End-effector actions are expressed as deltas in camera coordinate space rather than each robot's native base frame. This single choice makes visually similar actions - grasping, picking, placing - numerically proximate across mechanically different arms, which is what makes the pretraining corpus cohere at scale.
Key Specifications
| Specification | Details |
|---|---|
| Provider | Alibaba (Qwen Team) |
| Model Family | Qwen-Robot |
| Architecture | Qwen3.5-4B VL backbone + 1.15B DiT flow-matching action decoder |
| Parameters | ~5.15B total (not officially disclosed as a single number) |
| Context Window | Not disclosed |
| Input Price | Not disclosed - enterprise pilot via Alibaba Cloud |
| Output Price | Not disclosed - enterprise pilot via Alibaba Cloud |
| Release Date | June 16, 2026 |
| License | Proprietary (weights not publicly released as of launch) |
| Training Data | 38,100+ hours open-source robotic and human demonstration data |
Benchmark Performance
Qwen-RobotManip topped the RoboChallenge Table30 v1 Generalist Track, which spans 30 tasks across four robot platforms. The Qwen-VLA unified model (which Qwen-RobotManip powers for manipulation) also shows strong numbers across standard simulation suites.
| Benchmark | Qwen-RobotManip / Qwen-VLA | Notes |
|---|---|---|
| RoboChallenge Generalist (Task Success) | 45% | 1st place |
| RoboChallenge Generalist (Process Score) | 59.83 | ~20 points above runner-up |
| LIBERO | 97.9% | Simulation suite |
| RoboTwin-Easy | 86.1% | Simulation suite |
| RoboTwin-Hard | 87.2% | Simulation suite |
| Simpler-WidowX | 73.7% | Sim-to-real transfer |
| ALOHA dual-arm in-domain | 83.6% | Real-world bimanual |
| ALOHA dual-arm OOD | 76.9% | Real-world bimanual, out-of-distribution |
| DOMINO zero-shot dynamic | 26.6% | Dynamic manipulation, zero-shot |
The LIBERO score of 97.9% is strong enough to be near-saturating that benchmark, which is worth noting - the more informative numbers are the real-world ALOHA figures and DOMINO. A 76.9% OOD success rate on ALOHA bimanual tasks is meaningful, since out-of-distribution generalization is where most robot policies fall apart. The DOMINO zero-shot result at 26.6% is lower but reflects a harder, purposefully unseen dynamic manipulation regime.
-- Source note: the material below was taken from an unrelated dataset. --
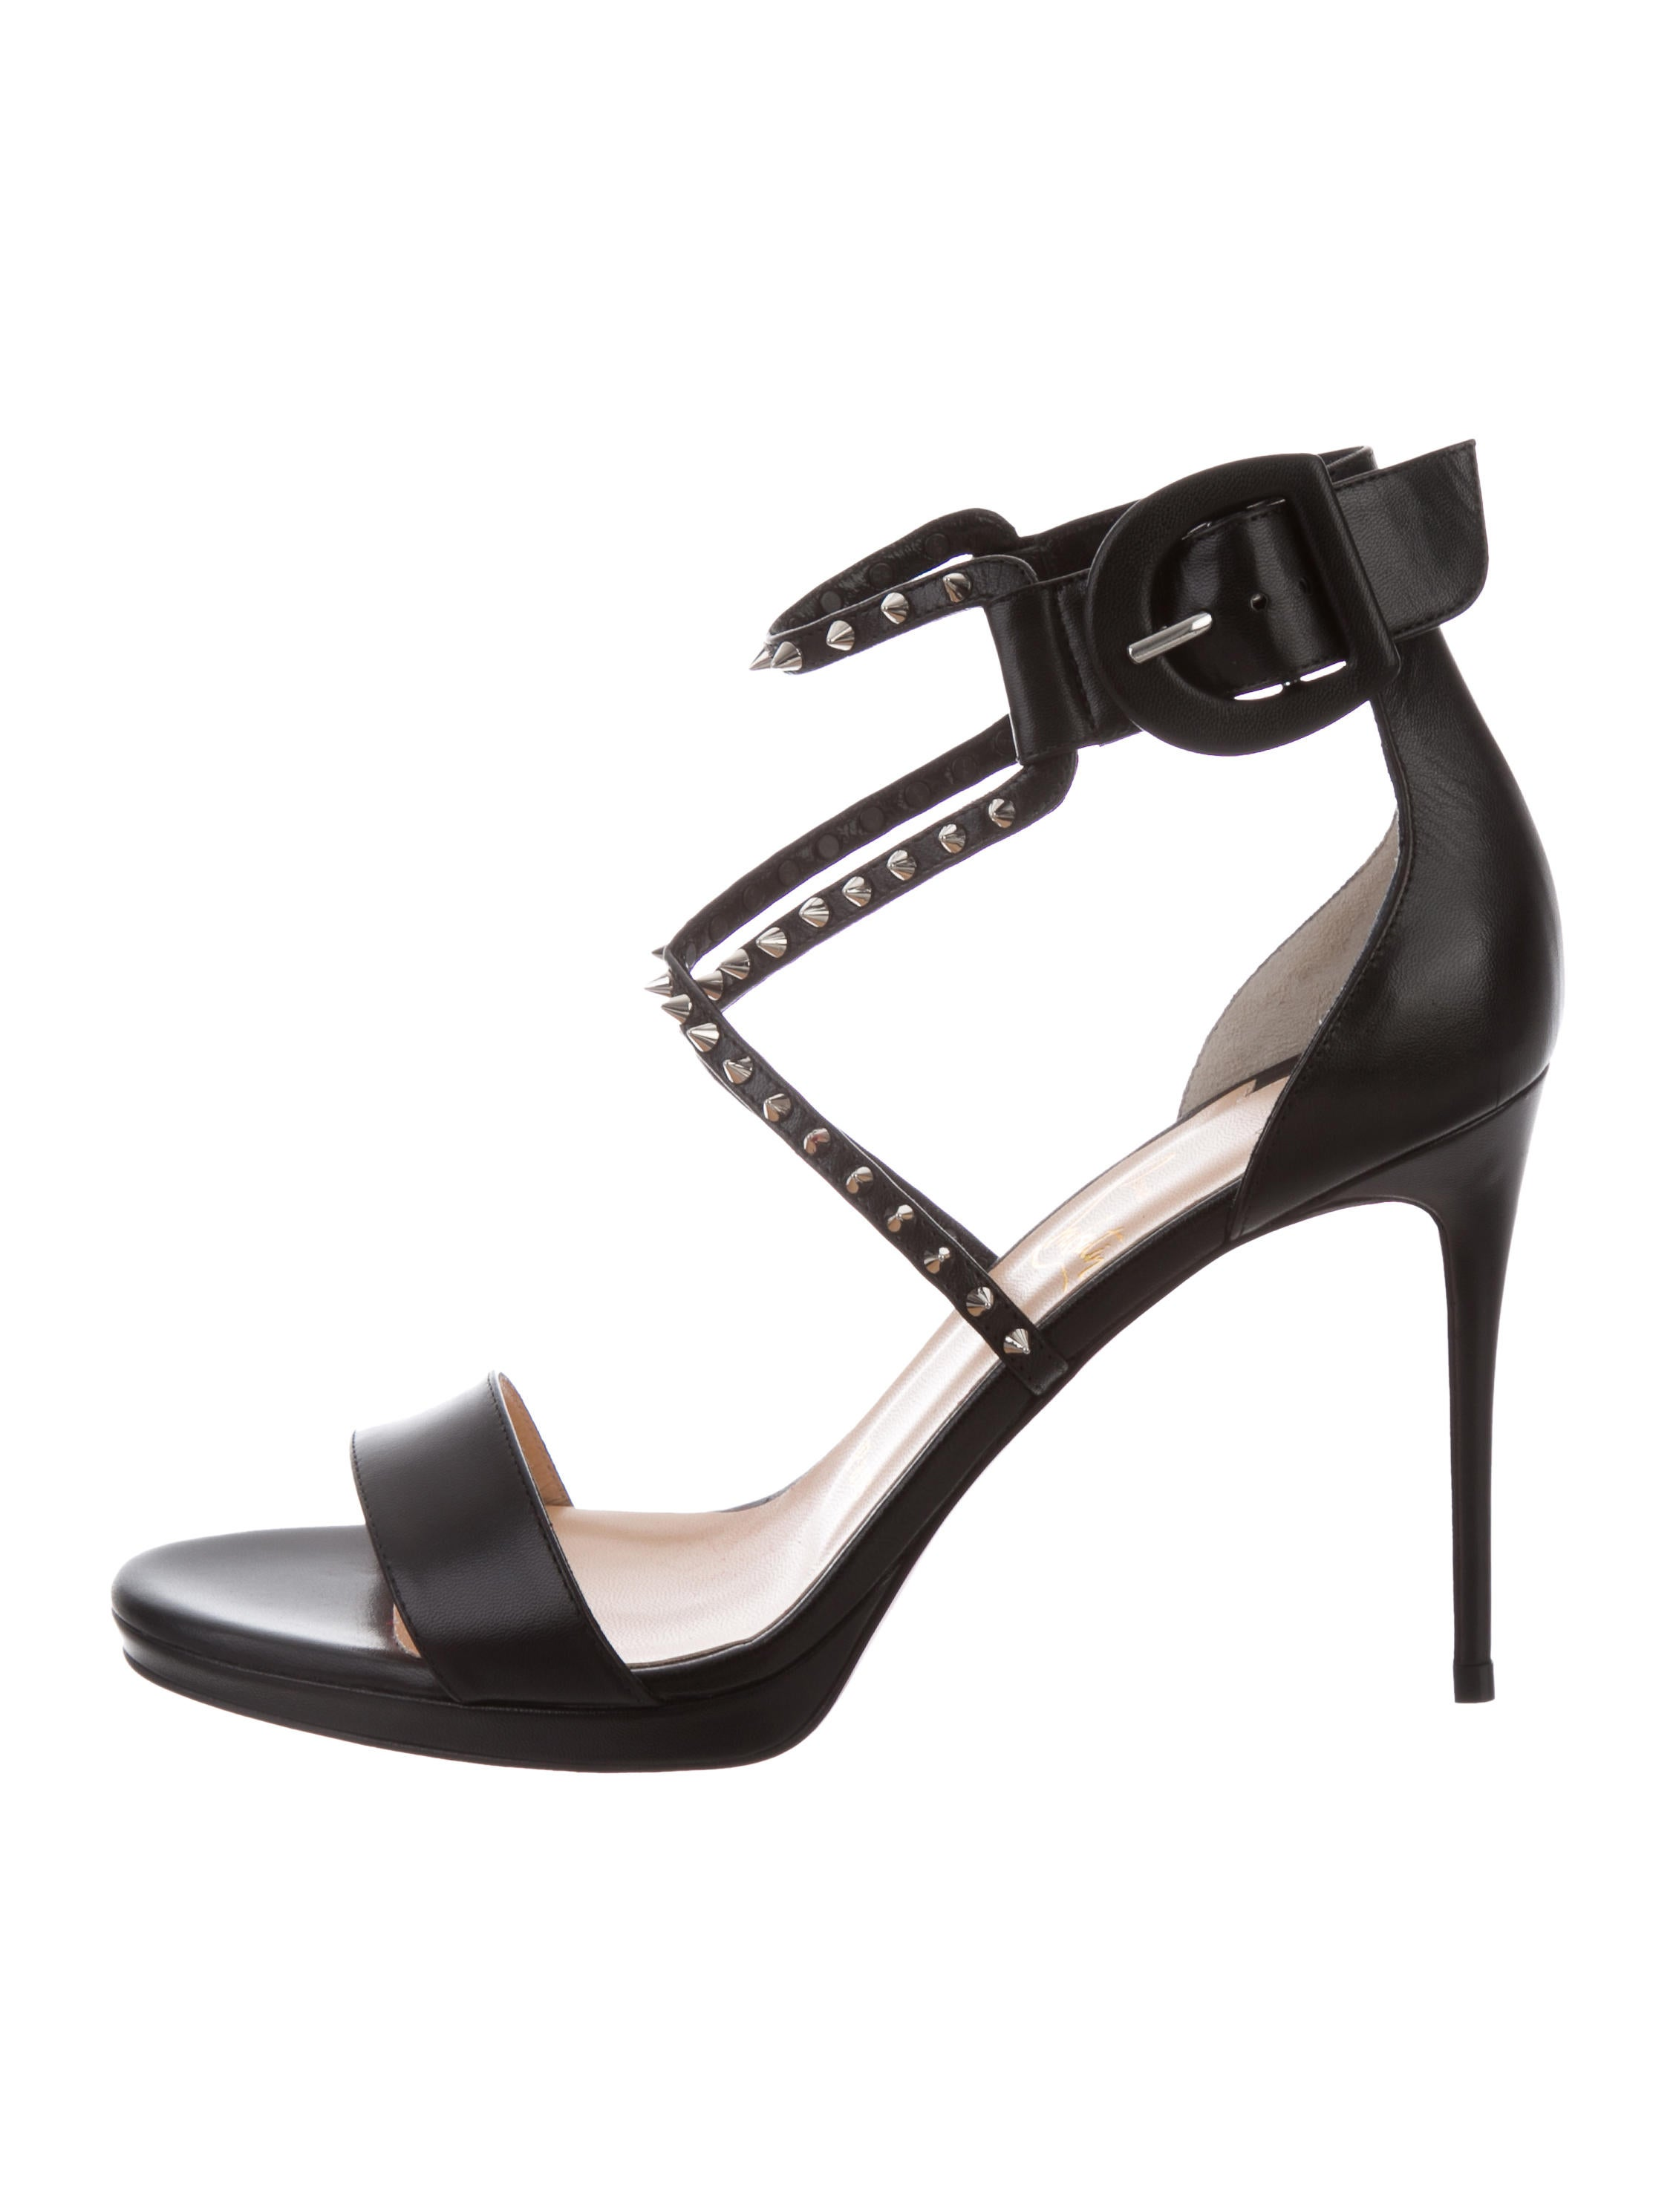 5f3157abd62 Choca Lux Studded Sandals

Cross-embodiment transfer shows the biggest payoff. A single policy jointly fine-tuned on 6,000 CobotMagic and 130 ARX demonstrations was tested on four novel ARX tasks with zero ARX training demos. The unified canonical framework hit 55.0% on those tasks, versus under 14% for the best ablation that dropped the canonical alignment step. That gap confirms the design decision more than any single benchmark number.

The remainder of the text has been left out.